I will wait until I know for definite what is happening with my job situation before deciding anything. I am hoping that at some point I will get a 'proper' job with guaranteed hours and weekends off as it would make my life so much easier. I'm just stuck inbetween a rock and a hard place at the moment as everywhere wants 'experience' but no where will give me the chance to get any experience!

I was supporting Luna and Neville and my two chooks on my 10 hours a week before, but it wasn't ideal. I only did it because the bunnies were sort of thrust upon me. But I have always made sure their needs come first. I haven't got the chooks insured (because Viv is an ex-battery hen and they would laugh at me, and even with Tilly, I think chickens come under 'exotics' or something ridiculous so the premiums were silly money) so I have always paid their vet bills and have gone without doing things plenty of times to look after them- their needs come first. I would be getting any new bunnies that I got insured which would help with costs.

I think if I wait until I find out where I stand with my new job, then it will be a month and a half and I think I will have more of a clear idea of what to do in my head then. I was filling out the insurance claim form this morning and it stirred up everything all over again. A week and a half is not long at all, but I think people are fed up with me still having moments of being sad so I feel like I should just be okay now. It's this whole attitude of 'it's just a rabbit', which I should be used to because people just cannot comprehend how upset I get when I lose a chicken. But they are all members of my family and I love them all equally.

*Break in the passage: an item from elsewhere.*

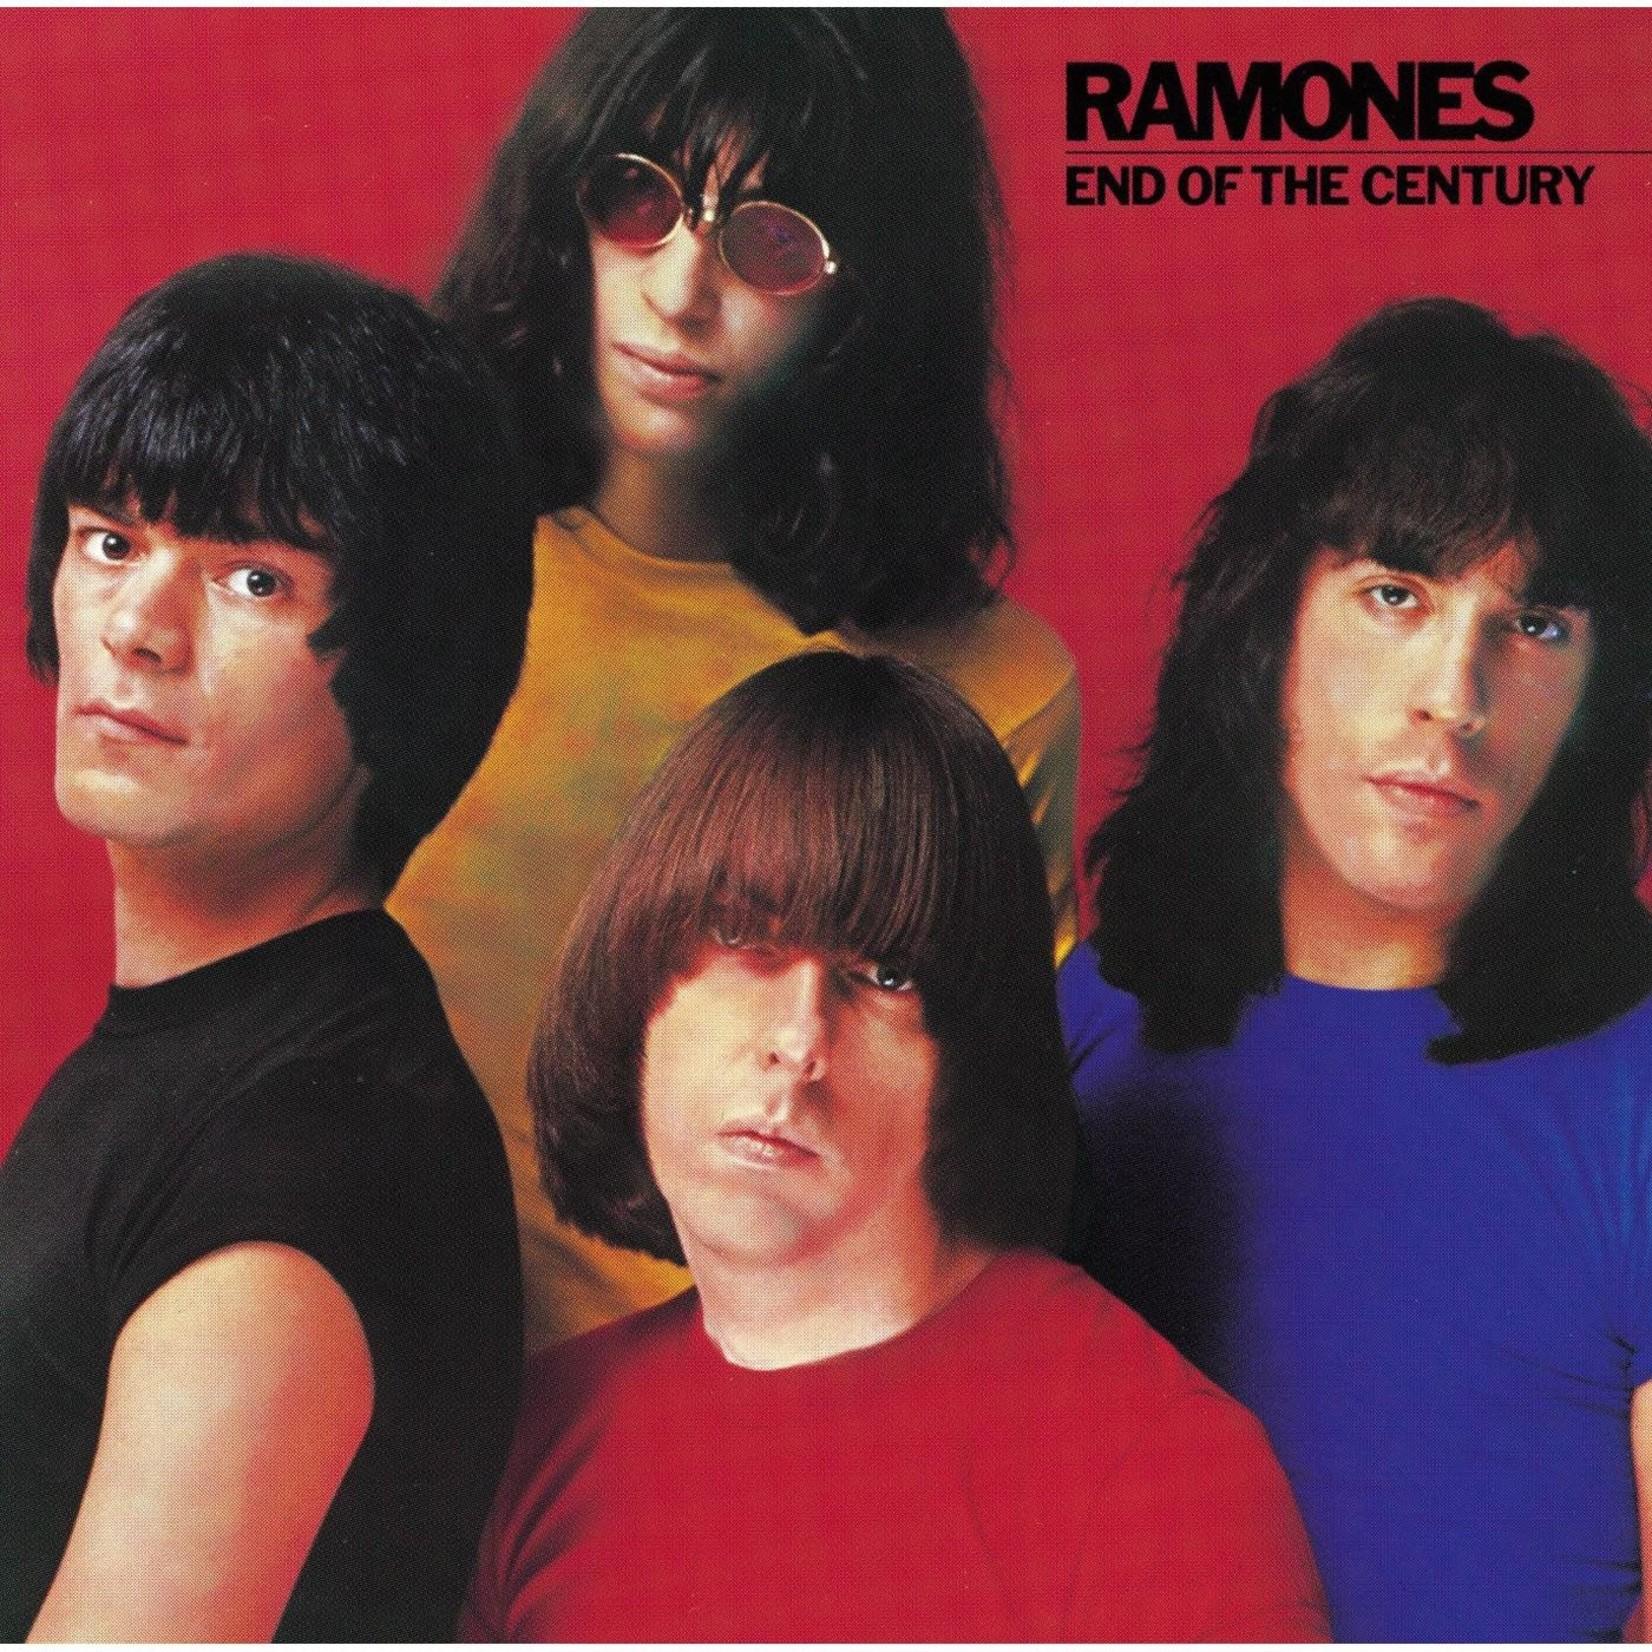 [Vintage] Ramones: End of the Century (original)

Sorry for another lengthy post- I didn't mean to give half my life story!
 
Last edited:
Yep, I know where you're coming from with the "just a rabbit" and "aren't you over it yet?" I was even told by someone that seeing as I had Slipper, I should forget Dexy. This wasn't even a month later! The only place I can talk about him is on here, at least here we know how you're feeling and aren't going to tell you to "get over it". I don't think it matters, if you love something, you love it regardless of it being a person, bunny or even a fish! I've thought many times I'd happily swap a few people I know for Dexter.

You sound like a lovely person who always puts her animals first and that's commendable in this day and age! When the time is right, any bunny will be lucky to be with you.
 
Yep, I know where you're coming from with the "just a rabbit" and "aren't you over it yet?" I was even told by someone that seeing as I had Slipper, I should forget Dexy. This wasn't even a month later! The only place I can talk about him is on here, at least here we know how you're feeling and aren't going to tell you to "get over it". I don't think it matters, if you love something, you love it regardless of it being a person, bunny or even a fish! I've thought many times I'd happily swap a few people I know for Dexter.

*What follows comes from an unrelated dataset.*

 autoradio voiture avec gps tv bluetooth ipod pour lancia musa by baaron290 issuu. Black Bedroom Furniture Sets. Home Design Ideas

You sound like a lovely person who always puts her animals first and that's commendable in this day and age! When the time is right, any bunny will be lucky to be with you.

Thank you. It is nice to know that I'm not alone in all this. My flat mate at uni had fish that became my fish as she didn't look after them properly. When one of them died I got really upset and she laughed at me :( I always think that it doesn't matter what sort of animal it is, the point is that if you loved it and cared for it then you have every right to be upset.